> [What you need to do]:
Among the entries that follow, the required portion opens with the line containing "Siria: Il Tetrapylon" and closes with the line containing "华特迪士尼世界(Walt Disney World)". Give that portion again exactly, and nothing else.

> [Data provided]:
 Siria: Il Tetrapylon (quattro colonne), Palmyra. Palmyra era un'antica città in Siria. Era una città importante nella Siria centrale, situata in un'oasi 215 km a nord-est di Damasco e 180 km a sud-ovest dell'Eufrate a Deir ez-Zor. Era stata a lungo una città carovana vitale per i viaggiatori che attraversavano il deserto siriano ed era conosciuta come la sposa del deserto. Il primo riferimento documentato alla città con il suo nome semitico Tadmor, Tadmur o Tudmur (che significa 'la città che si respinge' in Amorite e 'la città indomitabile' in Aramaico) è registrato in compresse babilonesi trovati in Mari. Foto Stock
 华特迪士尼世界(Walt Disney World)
---
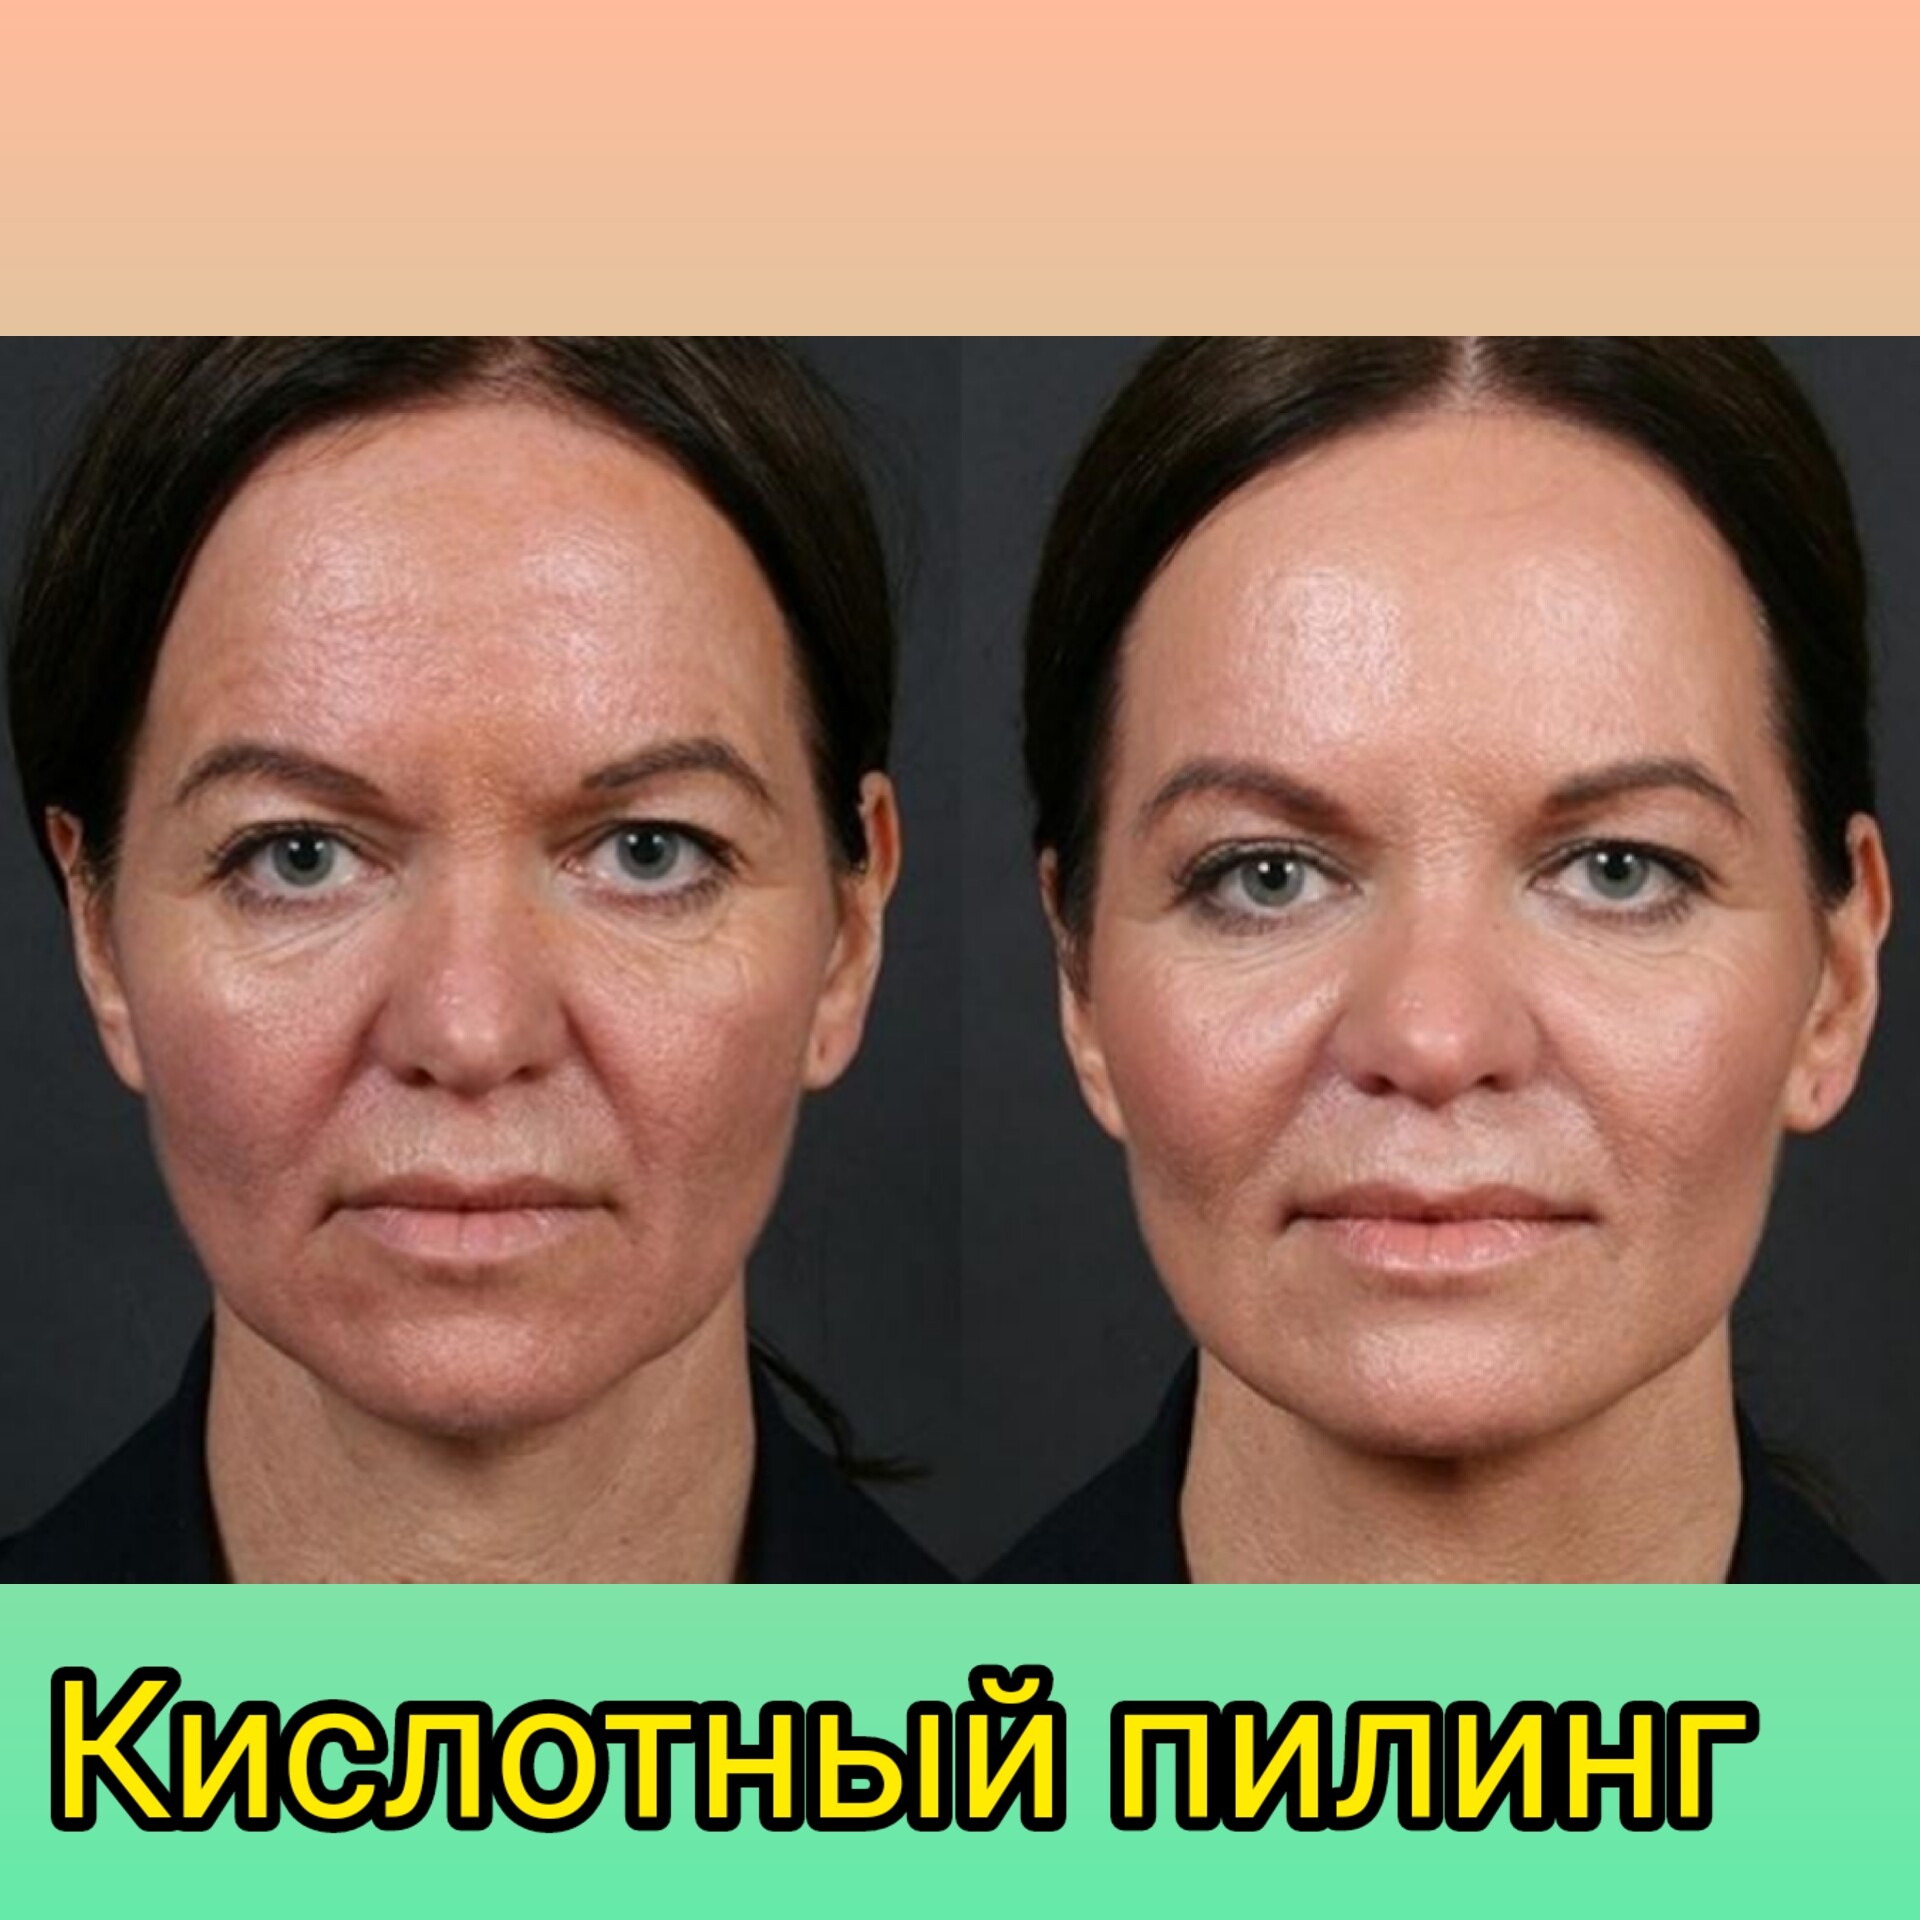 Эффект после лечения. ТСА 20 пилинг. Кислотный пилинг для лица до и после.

> [Exercise output]:
 Siria: Il Tetrapylon (quattro colonne), Palmyra. Palmyra era un'antica città in Siria. Era una città importante nella Siria centrale, situata in un'oasi 215 km a nord-est di Damasco e 180 km a sud-ovest dell'Eufrate a Deir ez-Zor. Era stata a lungo una città carovana vitale per i viaggiatori che attraversavano il deserto siriano ed era conosciuta come la sposa del deserto. Il primo riferimento documentato alla città con il suo nome semitico Tadmor, Tadmur o Tudmur (che significa 'la città che si respinge' in Amorite e 'la città indomitabile' in Aramaico) è registrato in compresse babilonesi trovati in Mari. Foto Stock
 华特迪士尼世界(Walt Disney World)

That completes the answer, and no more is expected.